Authors' Affiliations: Channing Division of Network Medicine, Department of Medicine, Brigham and Women's Hospital and Harvard Medical School; Department of Epidemiology, Harvard School of Public Health, Boston, Massachusetts; UCLA AIDS Institute, and Departments of Psychiatry & Biobehavioral Sciences and Obstetrics & Gynecology, David Geffen School of Medicine at UCLA; Department of Epidemiology, UCLA Fielding School of Public Health, Los Angeles, California; Department of Infectious Diseases and Microbiology, Graduate School of Public Health, University of Pittsburgh, Pittsburgh, Pennsylvania; Department of Medicine-Infectious Diseases, Northwestern University Feinberg School of Medicine, Chicago, Illinois; Departments of Molecular Microbiology and Immunology and Epidemiology, Johns Hopkins Bloomberg School of Public Health, Baltimore, Maryland; Department of Microbiology, Immunology & Molecular Genetics, and Jonsson Comprehensive Cancer Center, David Geffen School of Medicine at UCLA, Los Angeles, California.

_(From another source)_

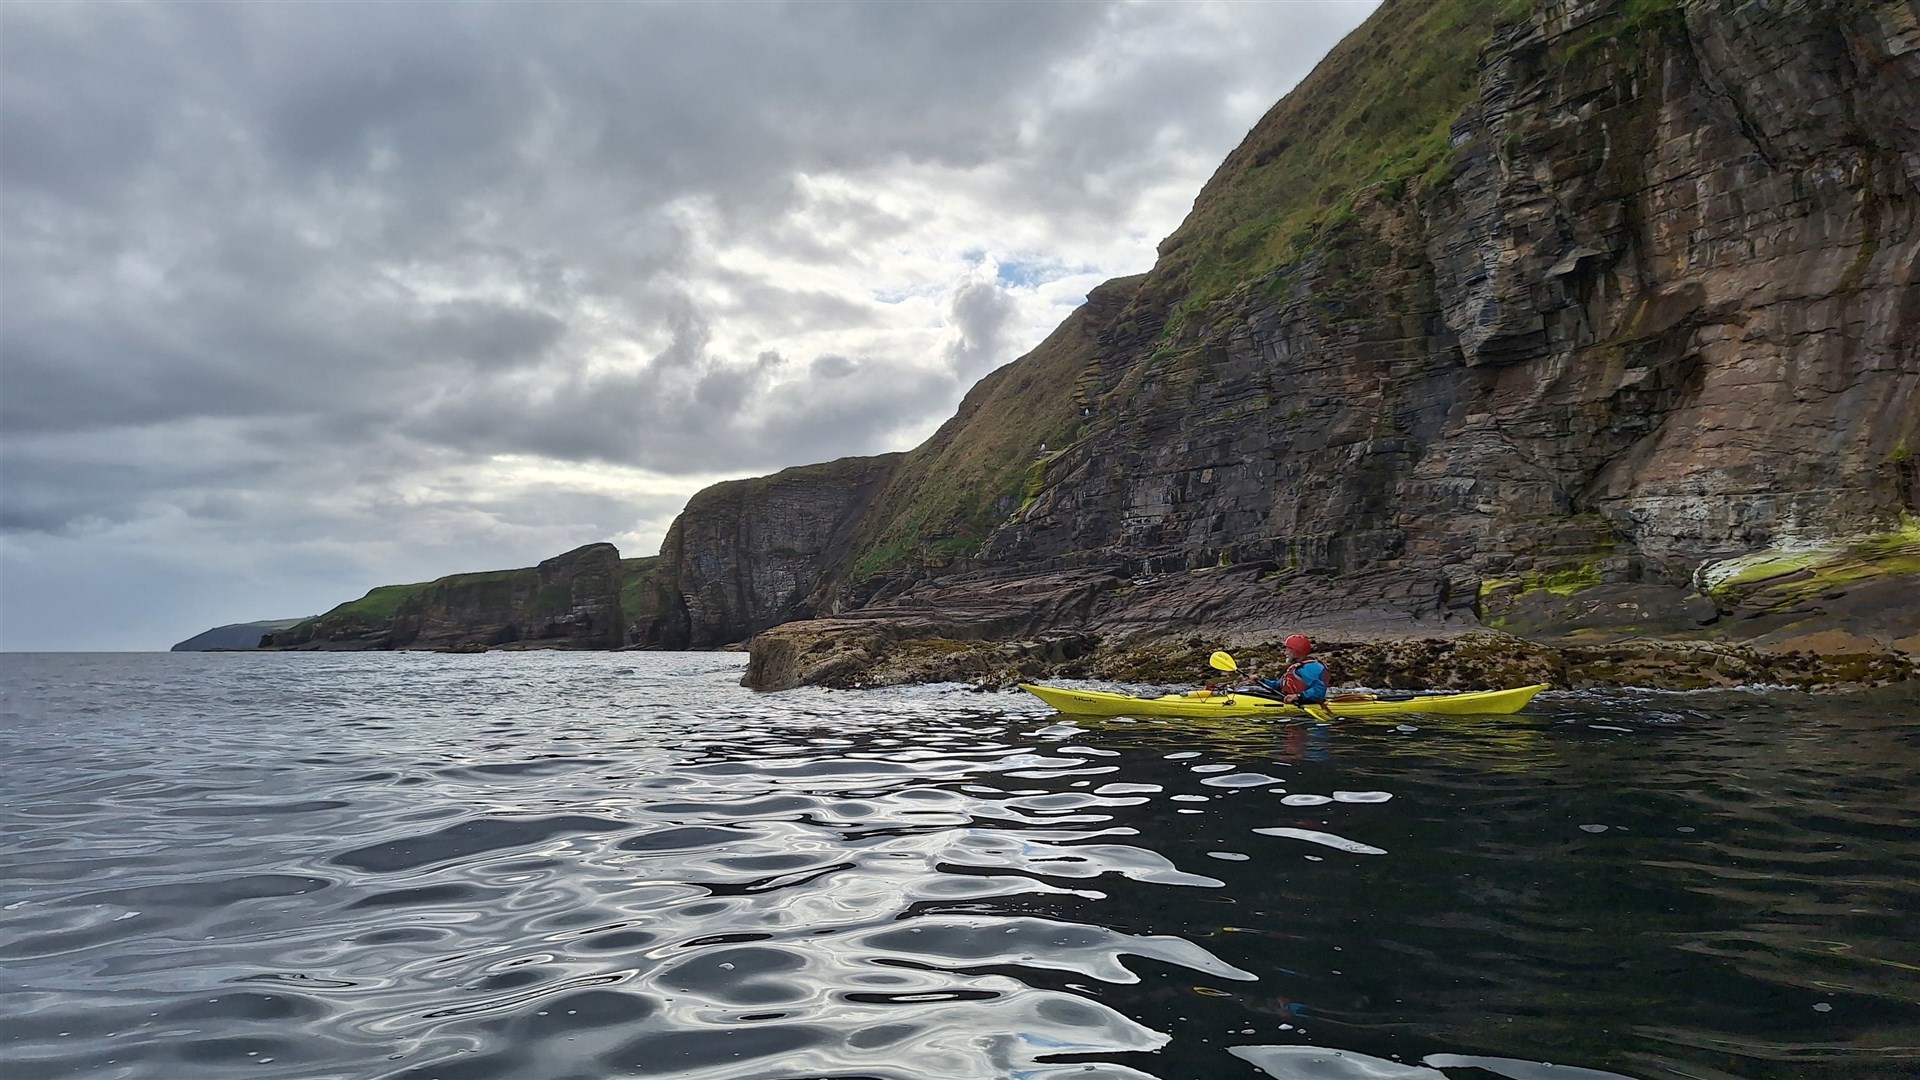 Ben Macgregor enjoys perfect conditions below the Caithness cliffs.

Cancer Epidemiol Biomarkers Prev. 2013 Nov;22(11):2009-15. doi: 10.1158/1055-9965.EPI-13-0379. Epub 2013 Aug 27.
Prospective cohort studies often quantify serum immune biomarkers at a single time point to determine risk of cancer and other chronic diseases that develop years later. Estimates of the within-person temporal stability of serum markers partly assess the utility of single biomarker measurements and may have important implications for the design of prospective studies of chronic disease risk.
Using archived sera collected from 200 HIV-seronegative men at three visits spaced over approximately 2 years, concentrations of 14 biomarkers (ApoA1, sCD14, sgp130, sIL-6R, sIL-2Rα, sTNFR2, BAFF/BLyS, CXCL13, IFN-γ, interleukin [IL]-1β, IL-6, IL-8, IL-10, and TNF-α) were measured in a single laboratory. Age- and ethnicity-adjusted intraclass correlation coefficients (ICC) were calculated for each biomarker, and mixed linear regression models were used to examine the influence of age, ethnicity, season, and study site on biomarker concentrations.
Across all three study visits, most biomarkers had ICC values indicating fair to excellent within-person stability. ApoA1 (ICC = 0.88) and TNF-α (ICC = 0.87) showed the greatest stability; the ICC for IL-8 (ICC = 0.33) was remarkably less stable. The ICCs were similar when calculated between pairs of consecutive visits. The covariables did not influence biomarker levels or their temporal stability. All biomarkers showed moderate to strong pairwise correlations across visits.
Serum concentrations of most evaluated immune biomarkers displayed acceptable to excellent within-person temporal reliability over a 2-year period. Further investigation may be required to clarify the stability of IL-8.
These findings lend support to using these serologic immune biomarkers in prospective studies investigating associations with chronic diseases.
前瞻性队列研究通常在单个时间点量化血清免疫生物标志物,以确定癌症和其他多年后发生的慢性疾病的风险。个体内血清标志物时间稳定性的估计部分评估了单个生物标志物测量的效用,并且可能对慢性疾病风险的前瞻性研究设计具有重要意义。
使用在大约 2 年内的 3 次就诊期间从 200 名 HIV 血清阴性男性中收集的存档血清,在一个实验室中测量了 14 种生物标志物(ApoA1、sCD14、sgp130、sIL-6R、sIL-2Rα、sTNFR2、BAFF/BLyS、CXCL13、IFN-γ、白细胞介素[IL]-1β、IL-6、IL-8、IL-10 和 TNF-α)的浓度。为每个生物标志物计算了年龄和种族调整后的组内相关系数(ICC),并使用混合线性回归模型来检查年龄、种族、季节和研究地点对生物标志物浓度的影响。
在所有 3 次研究就诊中,大多数生物标志物的 ICC 值表明个体内稳定性良好到优秀。ApoA1(ICC=0.88)和 TNF-α(ICC=0.87)表现出最大的稳定性;IL-8 的 ICC(ICC=0.33)明显不太稳定。当计算连续两次就诊之间的 ICC 时,ICC 值相似。协变量不会影响生物标志物水平或其时间稳定性。所有生物标志物在就诊时均显示出中等至强的两两相关性。
在 2 年期间,评估的大多数免疫生物标志物的血清浓度表现出可接受的个体内时间可靠性。可能需要进一步调查以澄清 IL-8 的稳定性。
这些发现支持在研究与慢性疾病关联的前瞻性研究中使用这些血清免疫生物标志物。